Given the aggregate constraint $\sum_k \tilde{\mathbf{g}}_k = \mathbf{G}$, the joint distribution of $(\tilde{\mathbf{g}}_1, \ldots, \tilde{\mathbf{g}}_n)$ is uniform over $\{(\mathbf{x}_1, \ldots, \mathbf{x}_n) : \sum_k \mathbf{x}_k = \mathbf{G}\}$.

Conditional on $\mathbf{G}$, the server's view is uniform — independent of which specific $(\mathbf{g}_1, \ldots, \mathbf{g}_n)$ summed to $\mathbf{G}$. By the chain rule, $I(\mathbf{g}_k; \text{view}) = I(\mathbf{g}_k; \mathbf{G})$. The view adds nothing beyond the aggregate. $\blacksquare$

Consider the cut between any single user and the rest of the system. The user's upload must contribute its gradient to the aggregate, but the aggregate must reveal nothing else.

The server's view consists of $n$ uploads. For privacy, each user's upload must be masked by sufficient unique keys (in the uncoded class, this means subsetwise keys). Counting the constraints gives at least $\binom{n}{2}$ distinct keys for $T = 0, \delta = 0$.

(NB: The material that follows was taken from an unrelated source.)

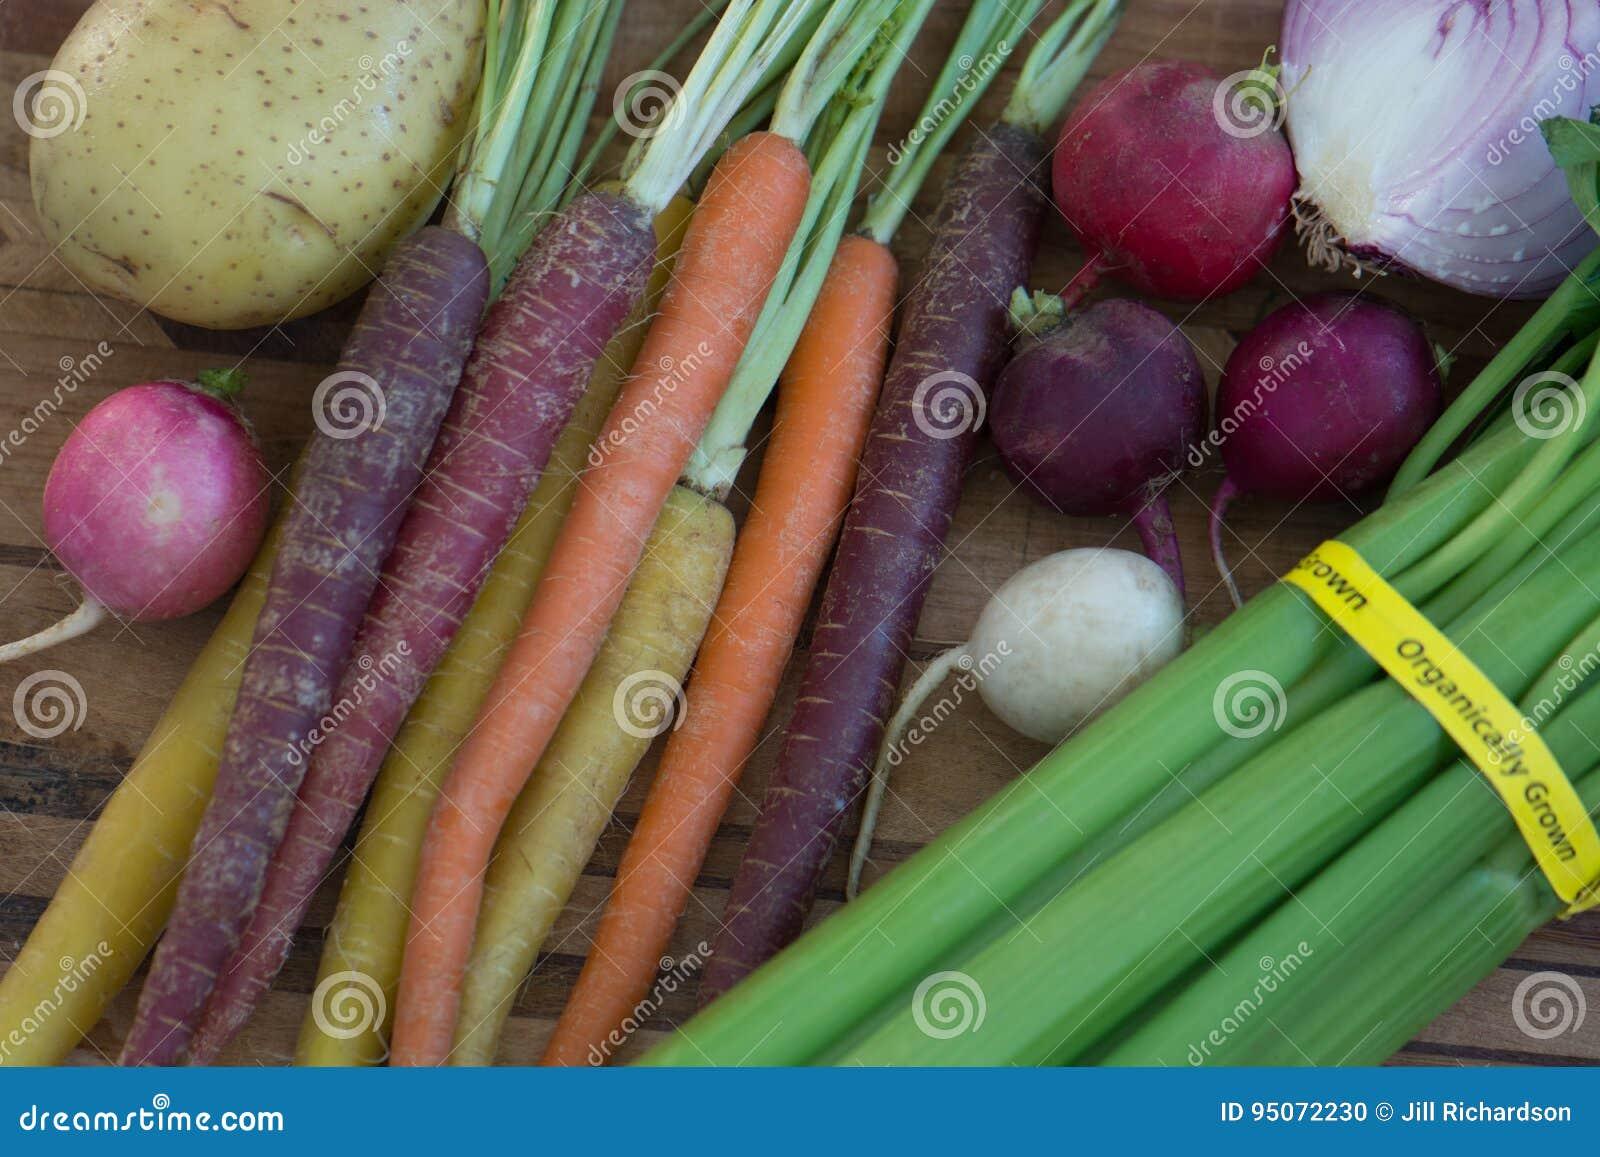 Multi Colored Organic Carrots With Potato Onion Celery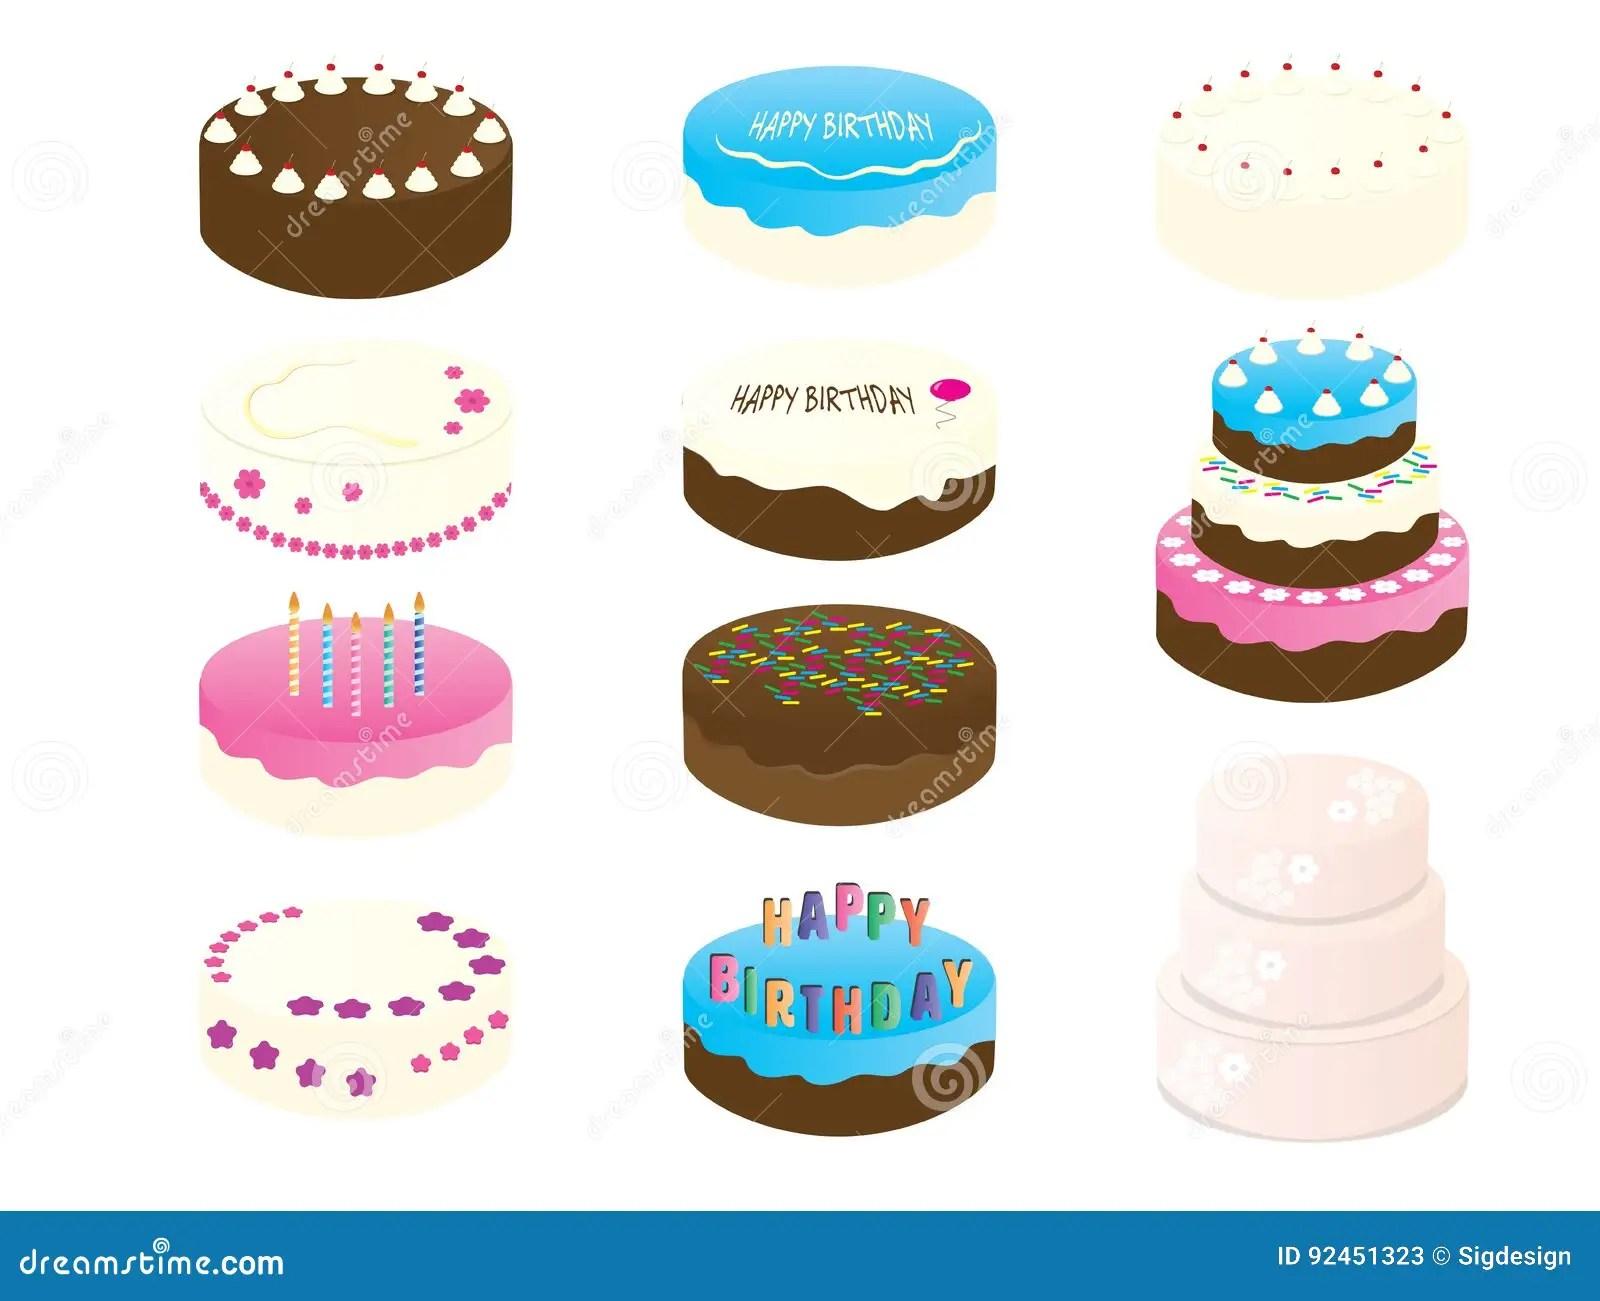 11 Birthday Cake Clip Arts Stock Vector Illustration Of Cakes 92451323

$\binom{n}{2} = O(n^2)$ keys — each contributing at least $O(1)$ bits to the protocol's communication. Total: $O(n^2)$ key-related cost, plus $O(nd)$ gradient cost, giving the bound $R \geq nd + \Omega(n^2)$. Bonawitz matches this with equality. $\blacksquare$

Both protocols use subset-indexed keys: in coded caching, each subset of users has a common cached chunk; in secure aggregation, each pair (or subset) shares a common mask. Both use the cancellation / constraint structure of the keys to achieve the protocol's goal (deliver content / aggregate gradient).

Coded caching delivers requests across subsets (one broadcast satisfies many users); secure aggregation conceals individual contributions (sum across subsets cancels masks). The algebraic mechanics are dual: caching uses XOR-aligned broadcasts; SecAgg uses subset-cancelled masks.

Both fields use similar cut-set / IA arguments. The Caire et al. optimality proof (§10.4) reuses the Maddah-Ali / Niesen cut-set machinery. This algebraic kinship is one of the unifying themes of Part II.

Each user adds Gaussian noise $\mathcal{N}(0, \sigma^2)$ to its gradient before applying Bonawitz masks. The server receives masked noisy gradients; aggregating gives $\mathbf{G} + \mathcal{N}(0, n \sigma^2)$ — noisy aggregate.

• Information-theoretic (from Bonawitz): server learns only the (noisy) aggregate, not individual gradients.
• Differential (from DP noise): the noisy aggregate satisfies $\epsilon$-DP for some $\epsilon$ depending on $\sigma$ and the $L_2$ sensitivity of gradients.

Stronger than either alone: even if the information-theoretic guarantee were broken (e.g., by a powerful adversary), the DP noise bounds the aggregate-level leakage. Production FL deployments commonly use this composition.

The CCESA construction (random sparse graph) gives the privacy guarantee with high probability — not deterministically. The natural question is whether deterministic sparse constructions can match this.

Steiner systems, expander graphs, and other combinatorial structures have the right "any subset of $T$ users misses some key" property. Constructing such graphs with appropriate density would give a deterministic CCESA-like protocol.

No known explicit construction matches CCESA's $O(n\sqrt{n/\log n})$ bound deterministically. Some partial results exist (Kadhe et al. 2020 FastSecAgg) but with weaker scaling. The full characterization is open. Research-grade problem at the intersection of combinatorics and cryptography.